Je lis beaucoup, je suis aussi une grande fan des documentaires d’Arte. Cela me nourrit certainement. Et puis, j’ai aussi l’expérience de terrain. Le samedi, je travaille comme bénévole dans un centre dela Croix-Rouge qui accueille des demandeurs d’asile à Yvoir. J’y rencontre des familles et je m’occupe d’enfants de migrants. Cela m’a inspiré mon nouveau roman que je suis en train d’écrire et qui évoque l’histoire d’une jeune Afghane qui quitte son pays suite à un mariage forcé pour rejoindre la Belgique, et qui va perdre son enfant de 3 ans…
C’est encore un sujet extrêmement dur et lourd pour une jeune auteure…
Les émotions des autres, je les ressens, c’est très facile pour moi de les écrire. Ça coule de source. Je ne sais pas expliquer pourquoi. Je pense que j’ai une forte capacité d’empathie. D’ailleurs, le narrateur parle en "je" dans mon livre.
Ceux qui vous ont lue, car le livre est déjà en librairie, sont tous surpris par la justesse avec laquelle vous décrivez le ressenti des femmes maltraitées. Comment faites-vous?
Je m’interroge moi aussi sur cela. Je n’ai pas la réponse. Mais je pense qu’il y a quelque chose de l’ordre de la transmission, dans mes ancêtres proches ou lointains, des secrets de famille, que je ressens. Je pense que, inconsciemment, je porte quelque chose de mon entourage. Mais c’est une explication que tout le monde ne suit pas…
Vous êtes actuellement et depuis janvier à l’île de la Réunion, en Erasmus où vous faites un stage en pédopsychiatrie. Vous êtes curieuse de voir comment votre livre sera reçu?

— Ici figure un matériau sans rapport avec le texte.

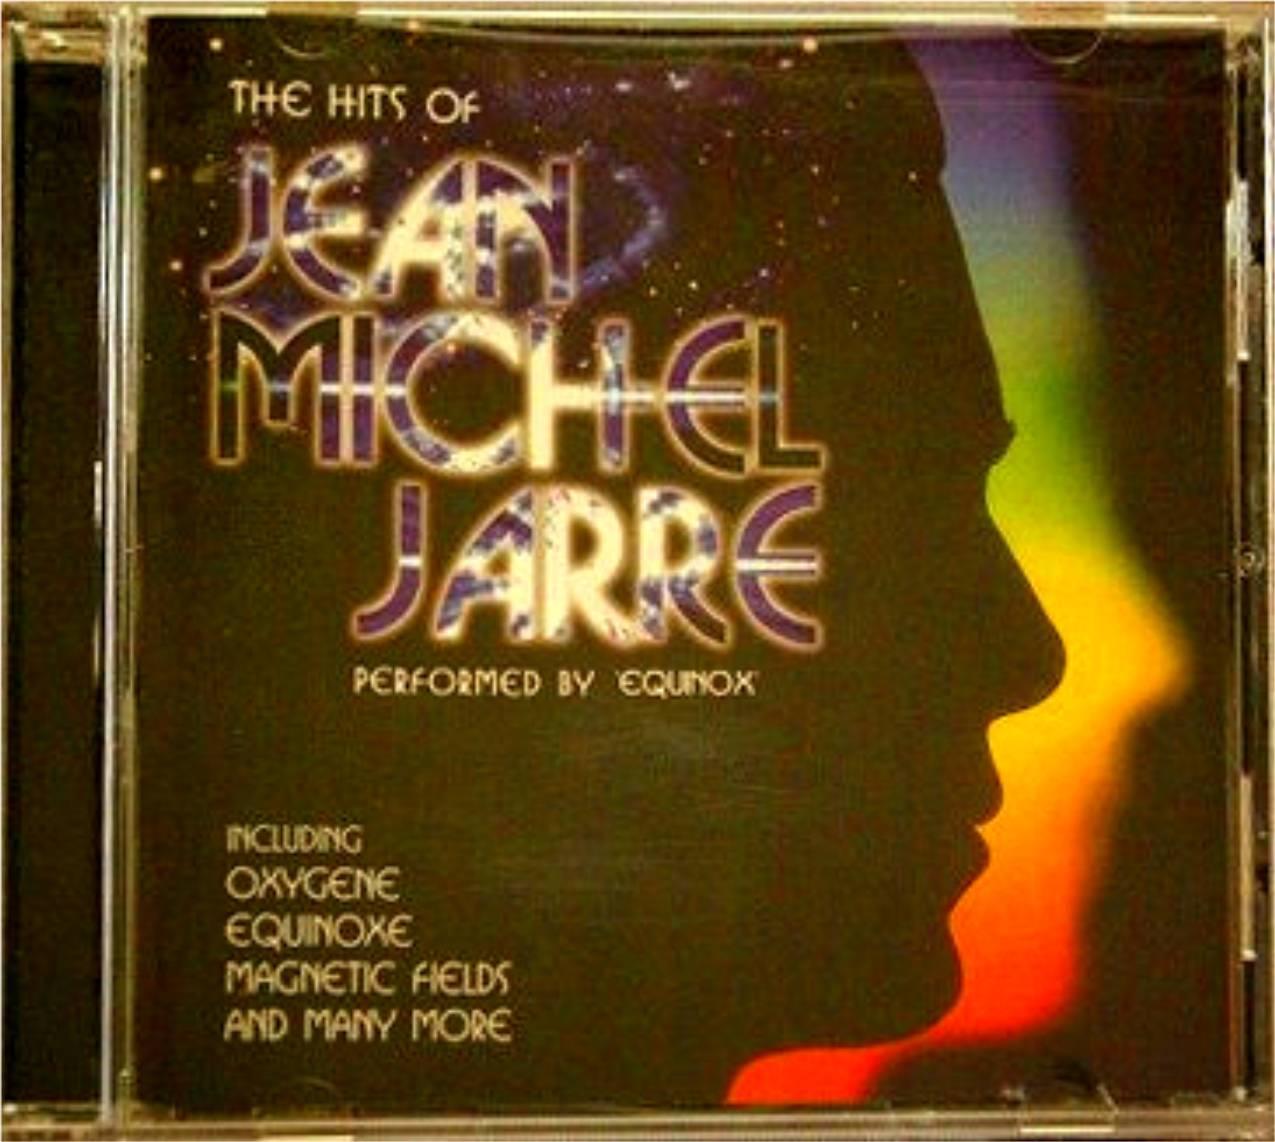 The Hits of Jean Michel Jarre
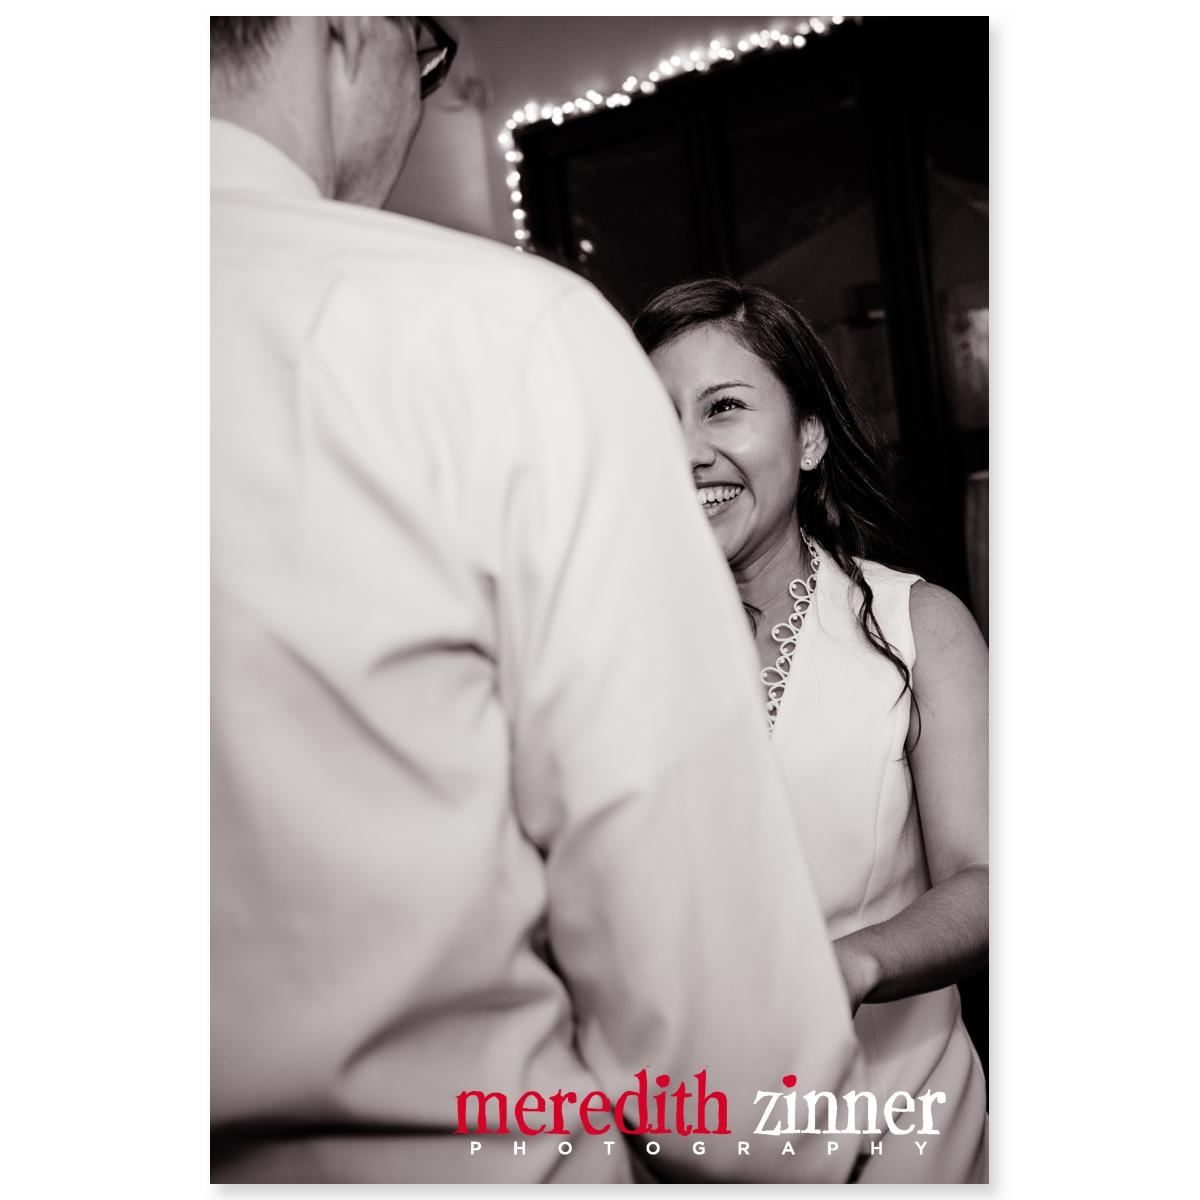 Meredith_Zinner_Photography_StilesCelebration_0405

Oui, évidemment et j’espère qu’il va être inspirant pour les femmes victimes de violence. Ici, à La Réunion, j’ai convaincu quelques libraires de se procurer mon livre et de le vendre. J’ai fait des séances de dédicaces et j’ai aussi participé à un salon du livre. Plusieurs femmes battues qui m’ont lue m’ont dit qu’elles avaient retrouvé, non pas leur histoire personnelle, mais leurs émotions, leur ressenti. Et que depuis lors elles essayent de s’en sortir et de se documenter sur le sujet. J’en vois beaucoup, de ces femmes, ici. Et je suis très heureuse si mon livre peut être un outil dans le cadre de cette problématique.
«Emprise», de Manon Terwagne, Éditions Ker, 142 pages, 12€.